Source data ->
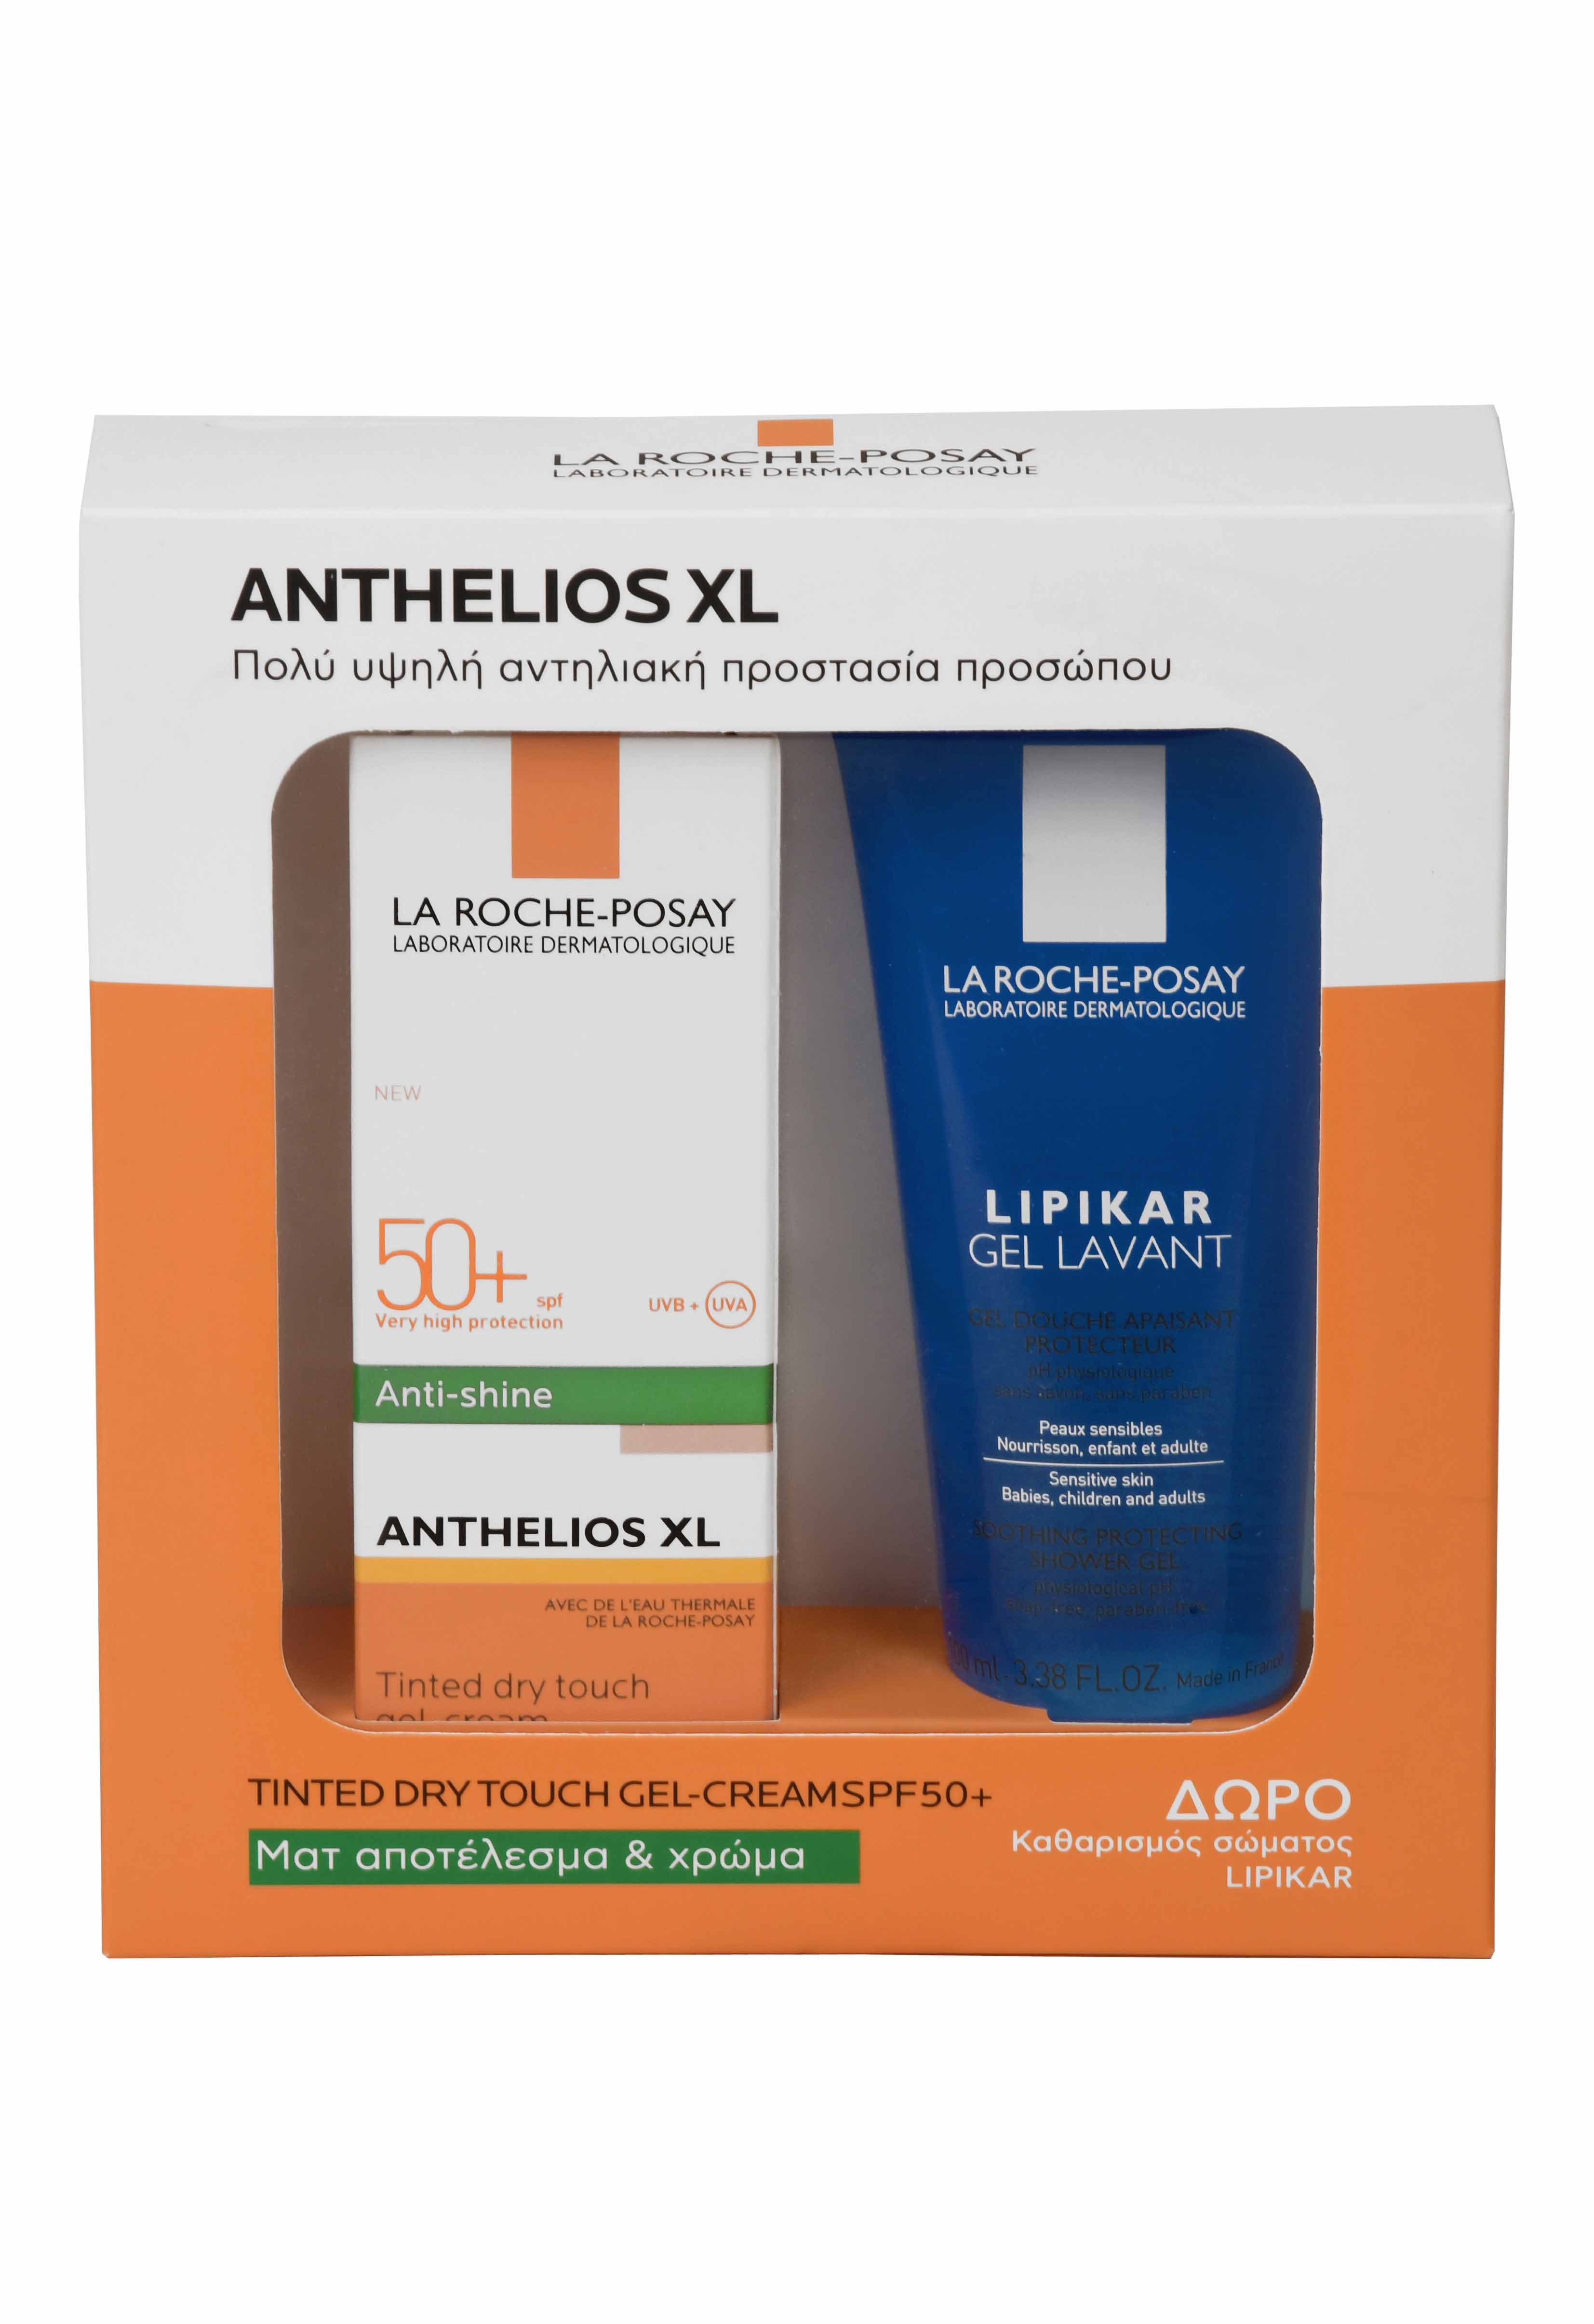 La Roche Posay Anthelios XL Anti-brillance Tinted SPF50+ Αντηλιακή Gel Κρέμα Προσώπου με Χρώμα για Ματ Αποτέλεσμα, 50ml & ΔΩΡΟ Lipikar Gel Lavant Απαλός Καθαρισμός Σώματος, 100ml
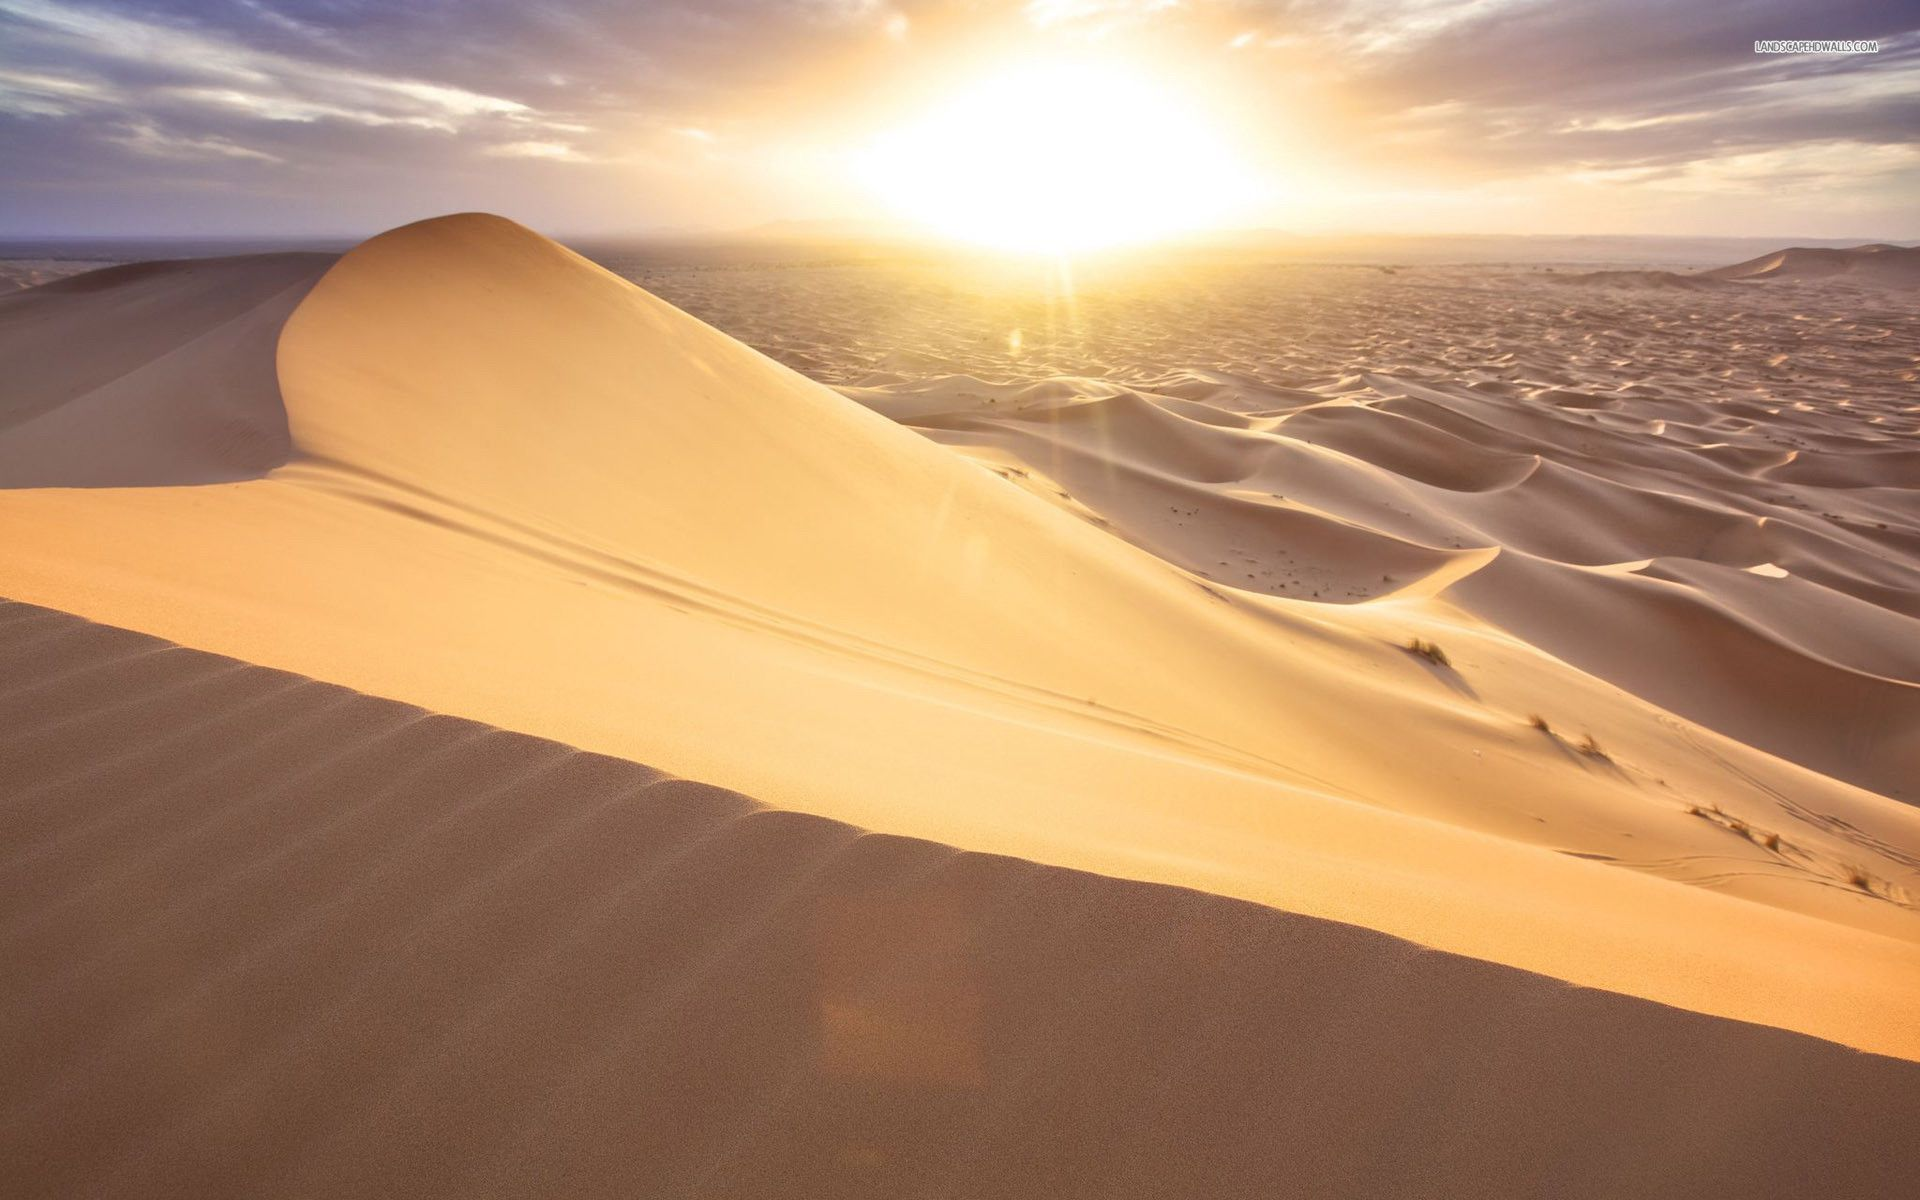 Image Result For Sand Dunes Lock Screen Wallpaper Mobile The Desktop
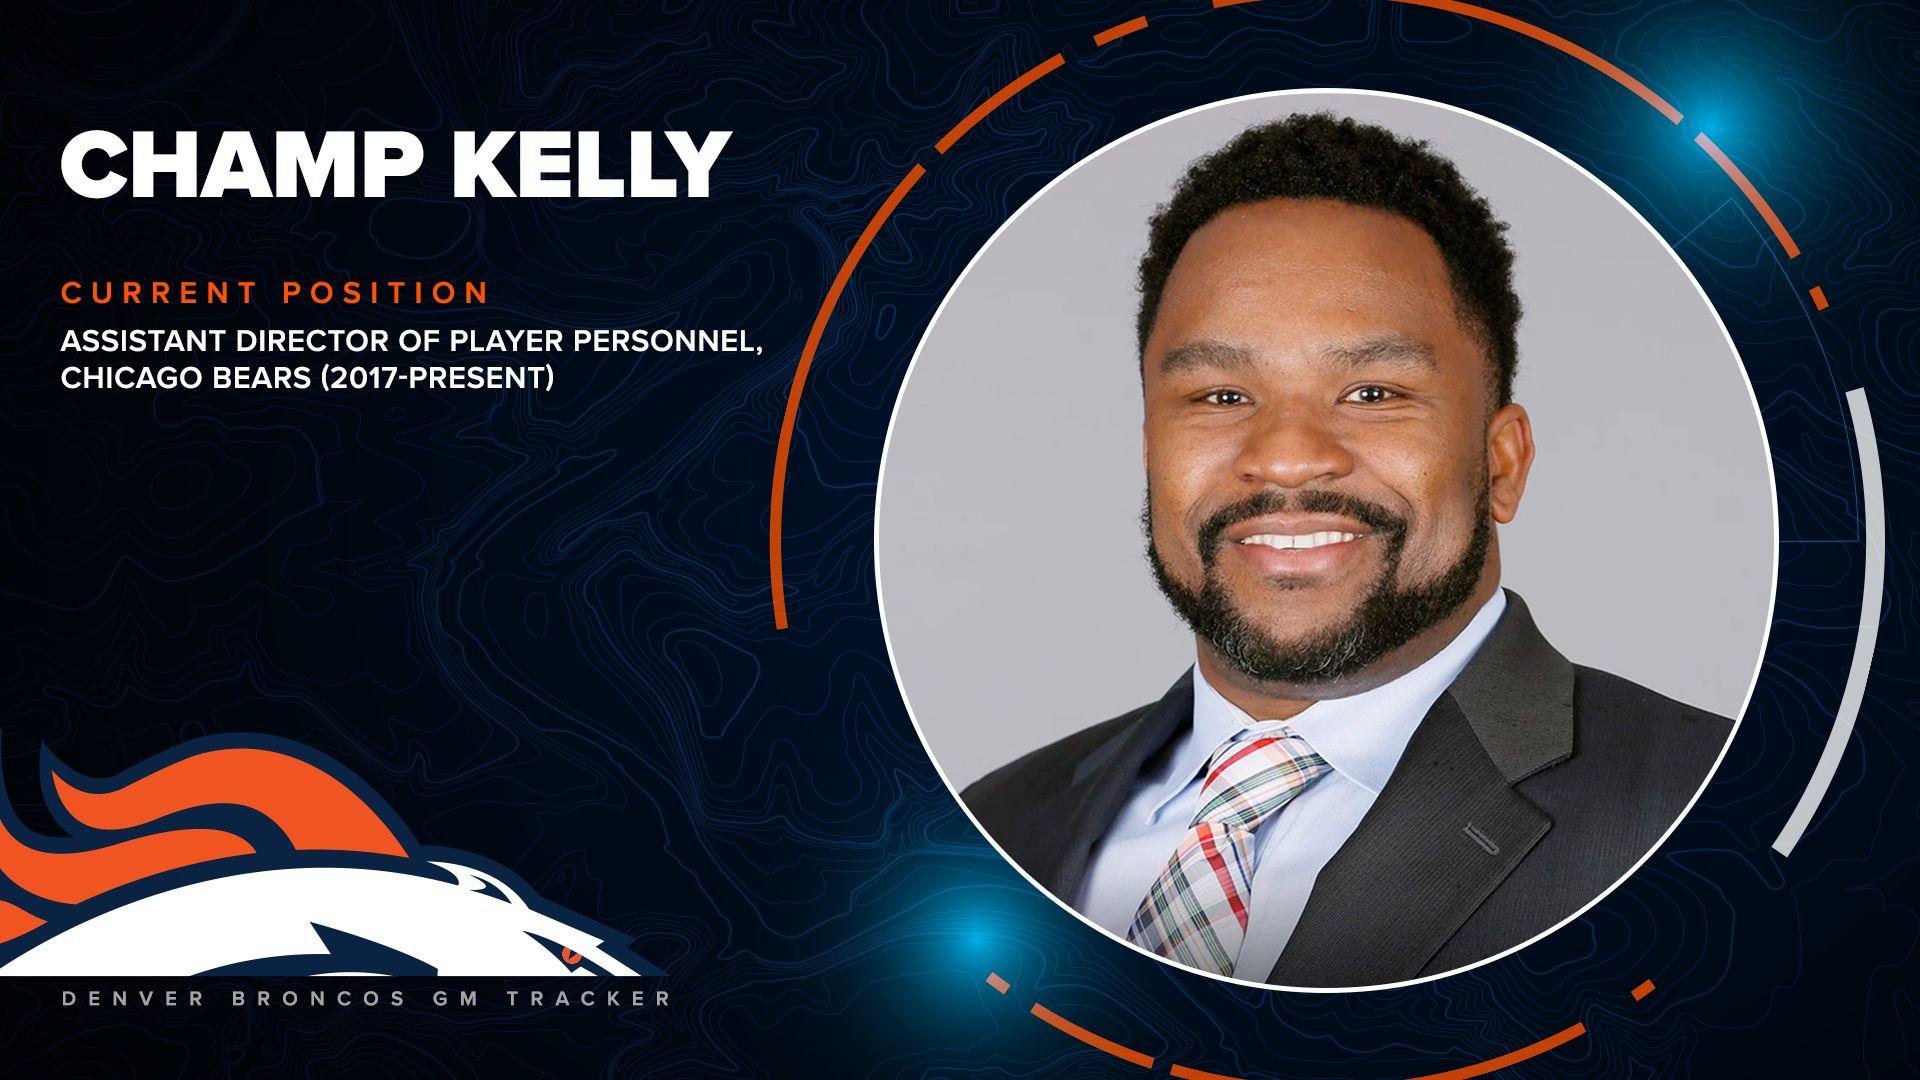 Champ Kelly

Problem statement ->
Drop the images and repeat the data exactly.

Your response ->
 La Roche Posay Anthelios XL Anti-brillance Tinted SPF50+ Αντηλιακή Gel Κρέμα Προσώπου με Χρώμα για Ματ Αποτέλεσμα, 50ml & ΔΩΡΟ Lipikar Gel Lavant Απαλός Καθαρισμός Σώματος, 100ml
 Image Result For Sand Dunes Lock Screen Wallpaper Mobile The Desktop
 Champ Kelly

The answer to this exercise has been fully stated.